O título do filme dinamarquês “A Caça”, do diretor Thomas Vinterberg, pode suscitar duas linhas de raciocínio: a caça aos cervos, comum nas áreas rurais daquela região, ou a verdadeira caçada humana levada a cabo contra o professor Lucas, de uma escola infantil, injustamente acusado da prática de pedofilia. A interpretação fica com os espectadores do filme premiado.
O caso lembra, no Brasil, o que ocorreu na Escola Base de São Paulo, em que os seus diretores foram sumariamente condenados, sobretudo pela opinião pública, para depois a justiça decretar que eles eram inocentes. A nossa sociedade está muito atenta a esse tipo de problema, o que não impede que se registre um lamentável aumento da sua incidência.
Na nossa opinião, pela falta de uma atenção maior dos pais ou pela existência de lares desestruturados, que dão margem a esses desequilíbrios.
Estabelece-se na película uma paranóia sexual, a partir de uma confusa acusação de Klara, uma lourinha de seis anos de idade, que tem uma estranha fixação pela figura do professor e se sente rejeitada por ele. Sendo vizinhos, de pais amigos, ela costumava pegar carona do mestre, na caminhada matinal até a escola. Ainda por cima, tinha enorme atração por Fanny, uma doce e peluda cadela, que vivia confortavelmente na casa de Lucas.

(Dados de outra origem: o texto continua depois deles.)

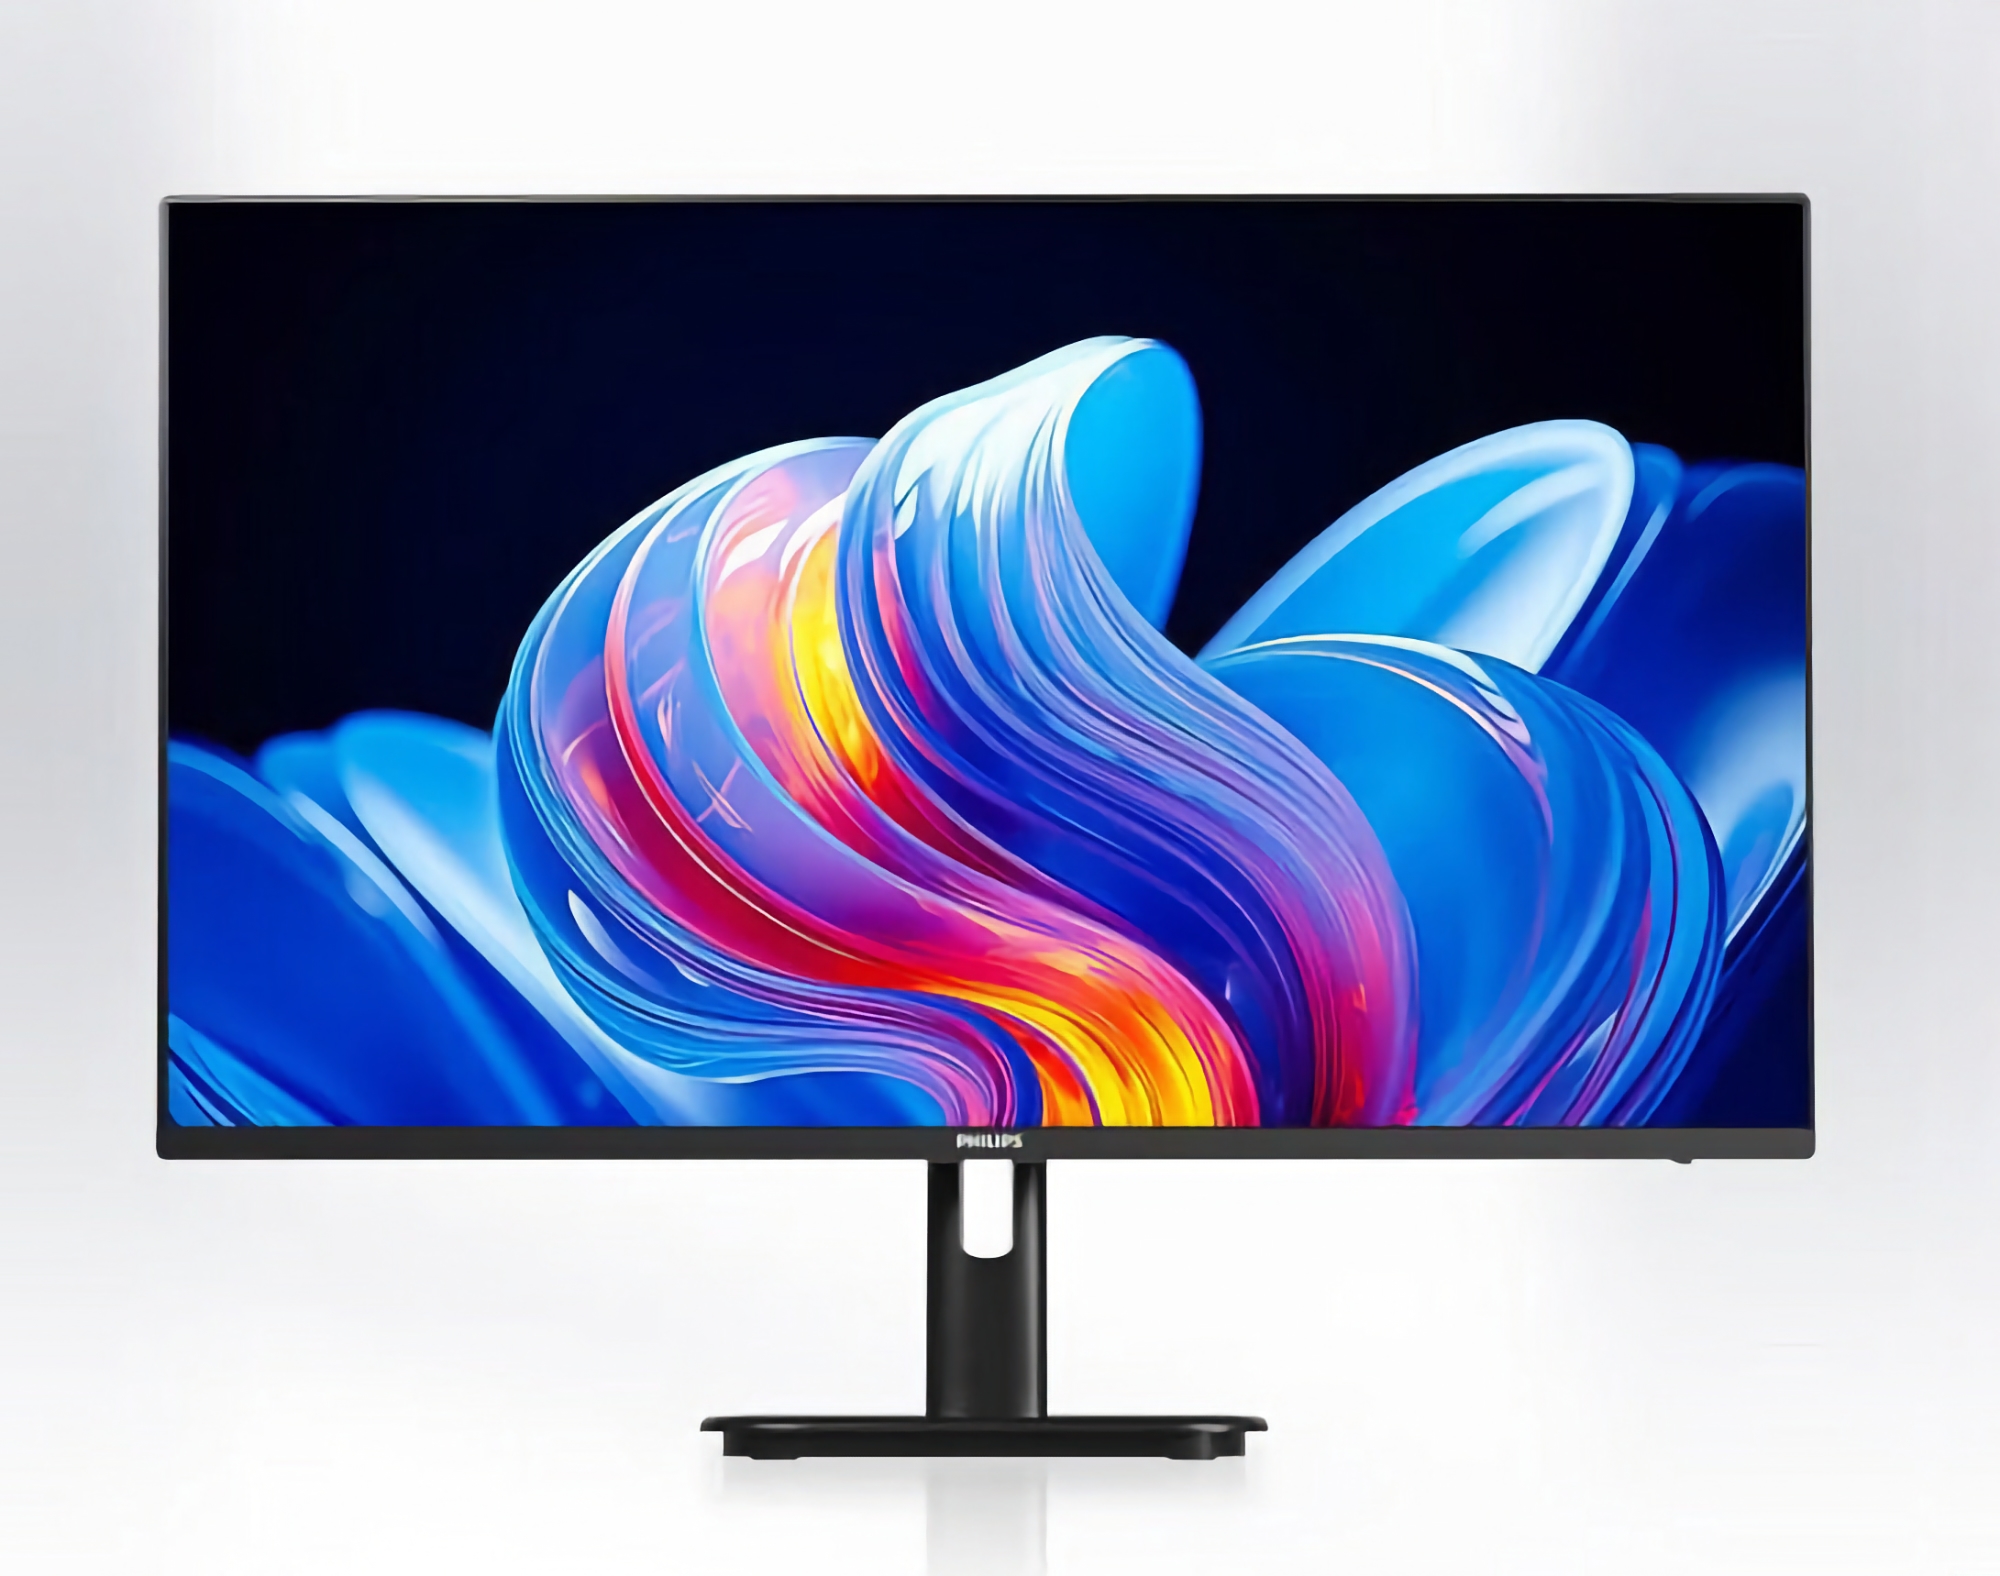 Philips 24E1N1520: 24-inch monitor with 2K resolution and 100Hz refresh rate for $96

Do tipo simpático e afável, o professor era recebido diariamente na escola com sustos e brincadeiras por parte das crianças, que demonstravam grande estima por ele. Tudo caminhava bem, na placidez daquela pequena comunidade, quando a diretora da escola, notoriamente incompetente, desconfia de que Klara tem um importante segredo guardado: ela entrevista a menina e, sem muitos cuidados, a leva a confessar que o professor tinha mostrado suas partes íntimas para a menina. Insegura, a diretora recorre a outro incompetente, um assistente social, que numa entrevista de cinco minutos conclui direto que a menina não mentia.

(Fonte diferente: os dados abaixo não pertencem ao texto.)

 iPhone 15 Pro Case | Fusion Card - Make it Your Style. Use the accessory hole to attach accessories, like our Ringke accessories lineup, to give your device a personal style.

A diretora convoca uma reunião de pais e professores e confessa o exercício de pedofilia. Não resta outra alternativa senão demitir o professor . Em seguida, como é natural, ele é execrado por colegas e amigos, entre os quais os pais de Klara. Todos reagem contra o que seria uma barbaridade, inusitada naquela localidade. Lucas tenta levar a vida em sua casa, mas a acusação produz efeitos atômicos: vai fazer compras no supermercado e é proibido de estar ali. Briga com um dos funcionários.
Divorciado, consegue atrair o filho para a sua companhia. Vai o garoto às compras e também é proibido pelo dono da loja. Havia um nítido esquema de sufocar o alegado “criminoso”, totalmente inocente. Klara se desdiz, afirmando aos pais que inventara “umas besteiras”. Não adianta nada. Ele é preso e levado para a cadeia. O único que o defende, ardorosamente, é o filho valente, que dá enorme demonstração de amor. Briga pela inocência do pai.

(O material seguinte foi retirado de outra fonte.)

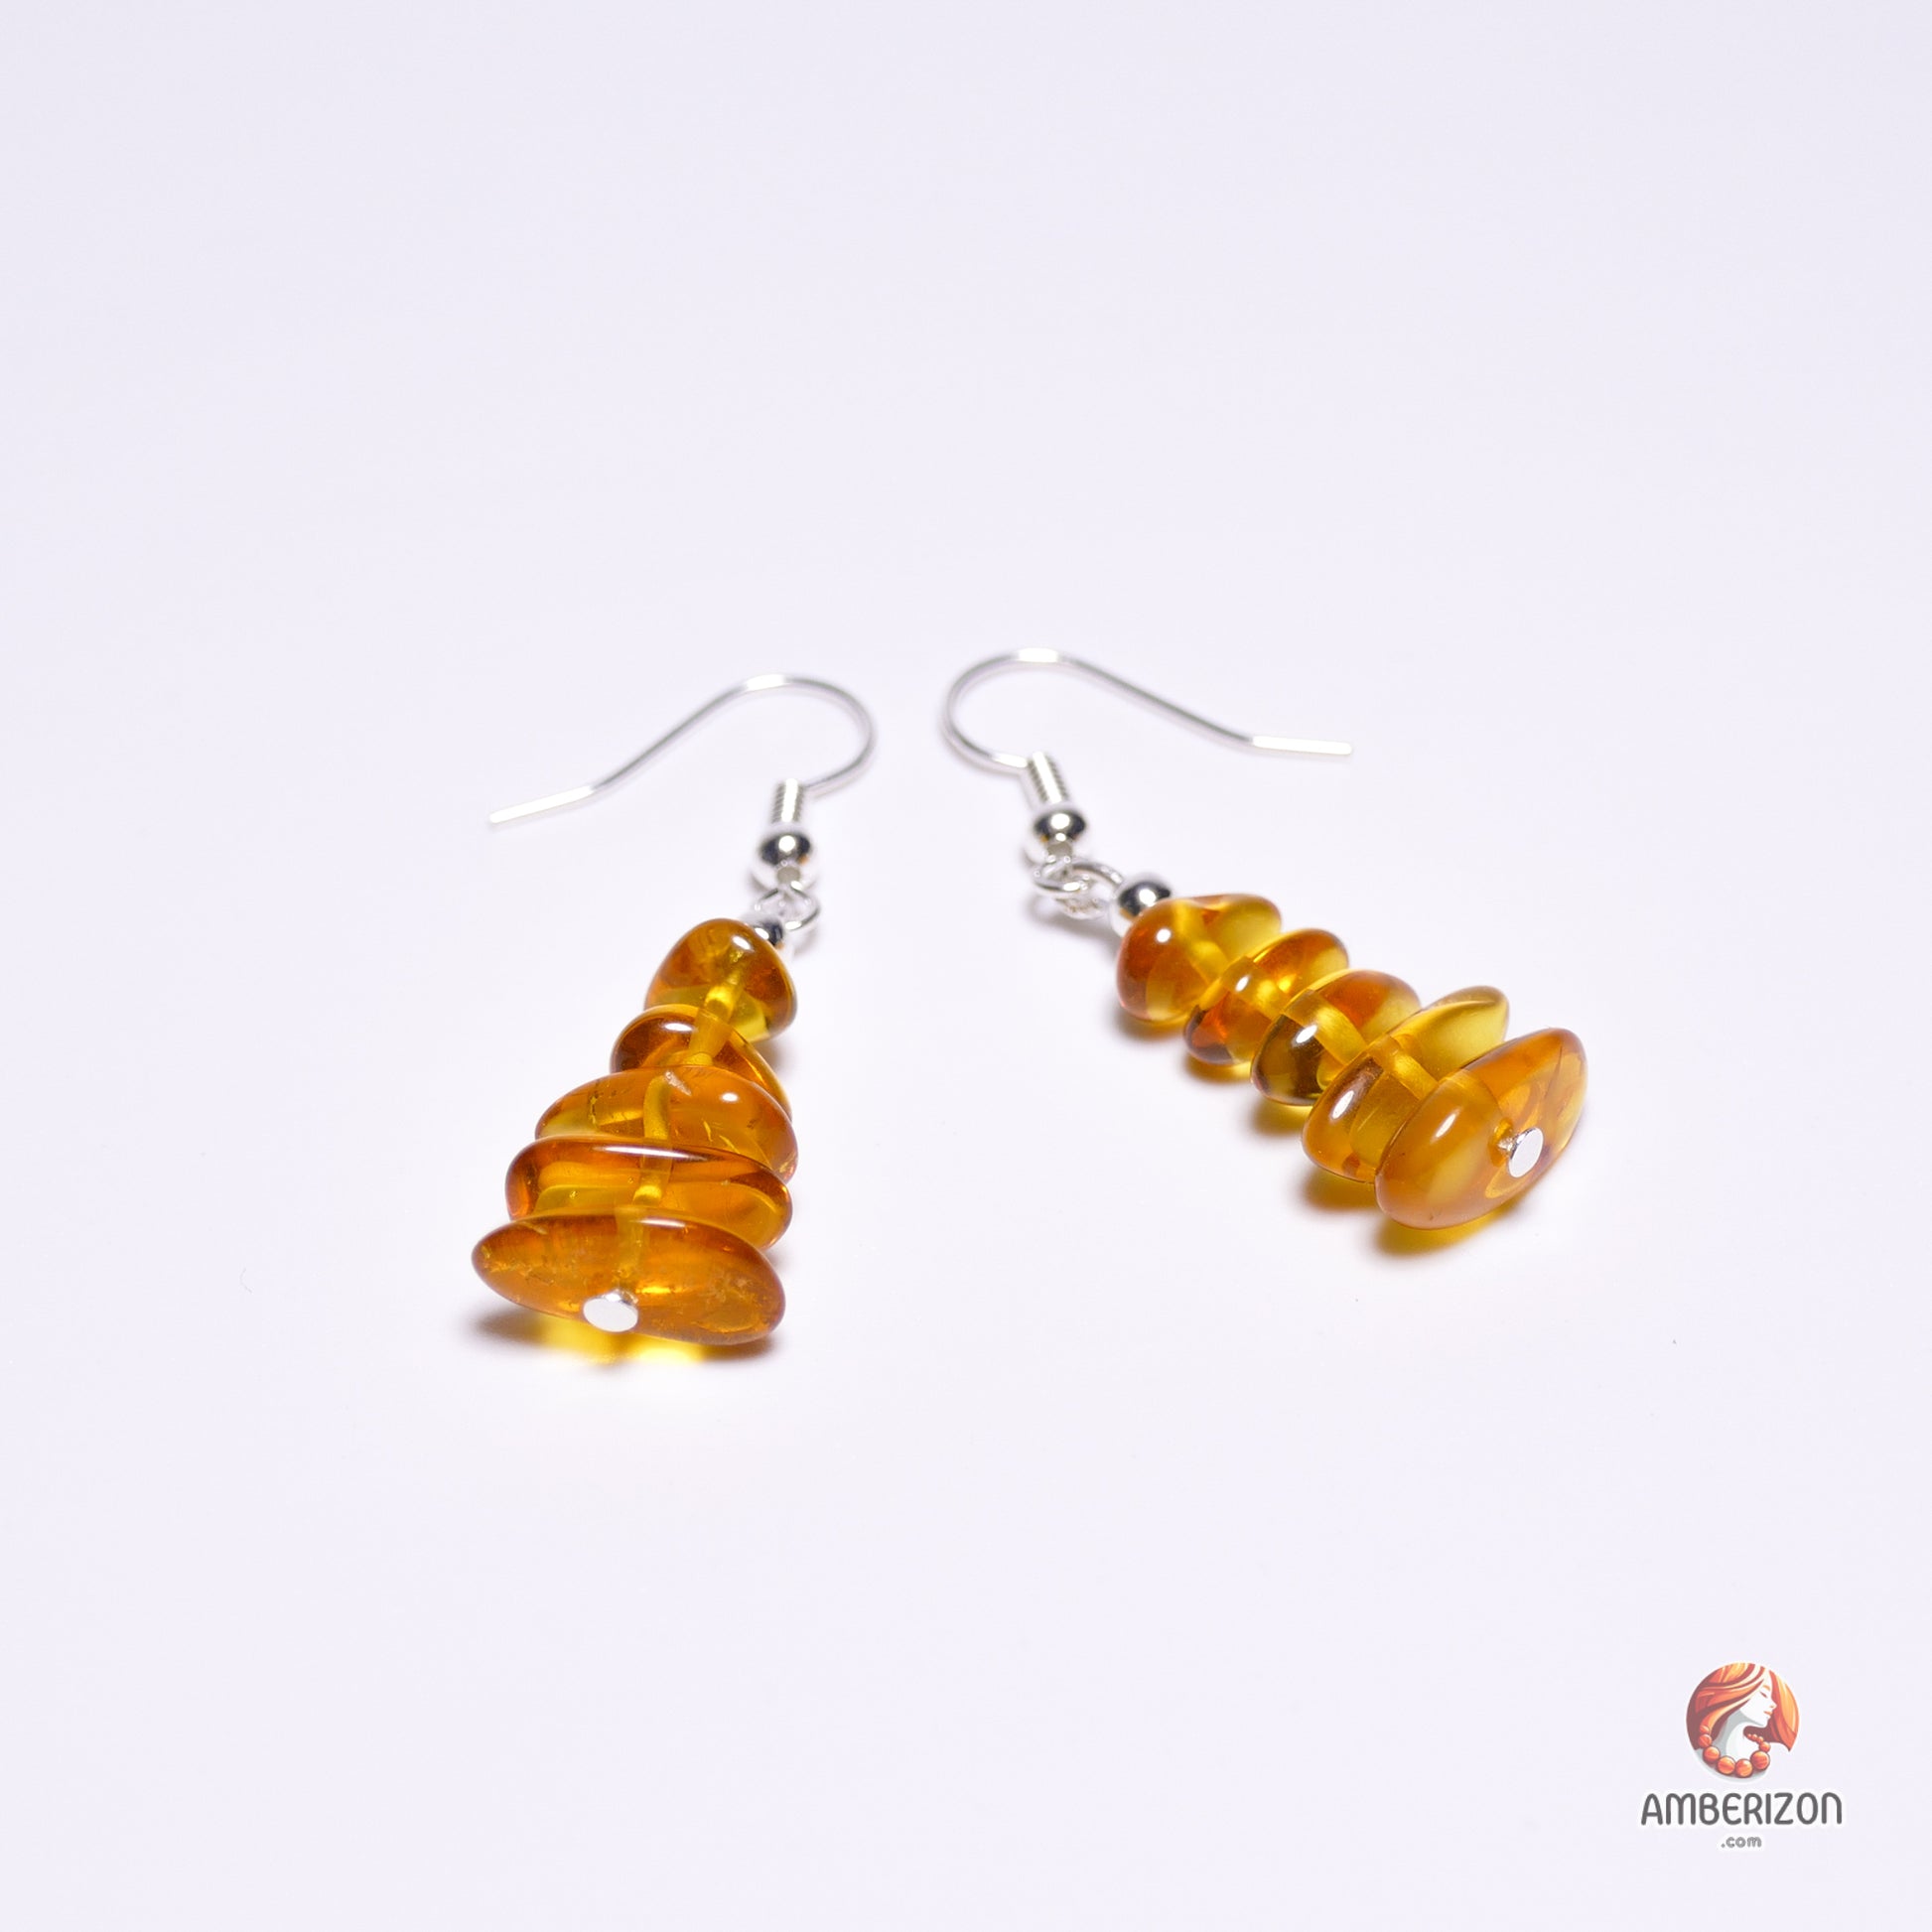 Baltic amber chip earrings - Smooth translucent beads

O caso se generaliza e outras crianças também acusam Lucas, alegando que tudo se passava no porão da sua casa. A Justiça liberou o acusado. Na sua casa não tinha porão. Além disso, em casos comprovados de pedofilia, assinalam-se nas vítimas diversos desvios de comportamento, o que não ocorreu.
Cabe ainda um último comentário: por que o professor se manteve sempre na defensiva? Na verdade, só uma vez, no supermercado, deu uma cabeçada no vendedor que o inibia nas compras. De resto, vai sendo aos poucos desconstruído, sem demonstrar a revolta que dele se esperava. Questão de temperamento ou covardia? É mais uma dúvida que fica para a discussão entre os espectadores do filme, premiado no festival de Cannes.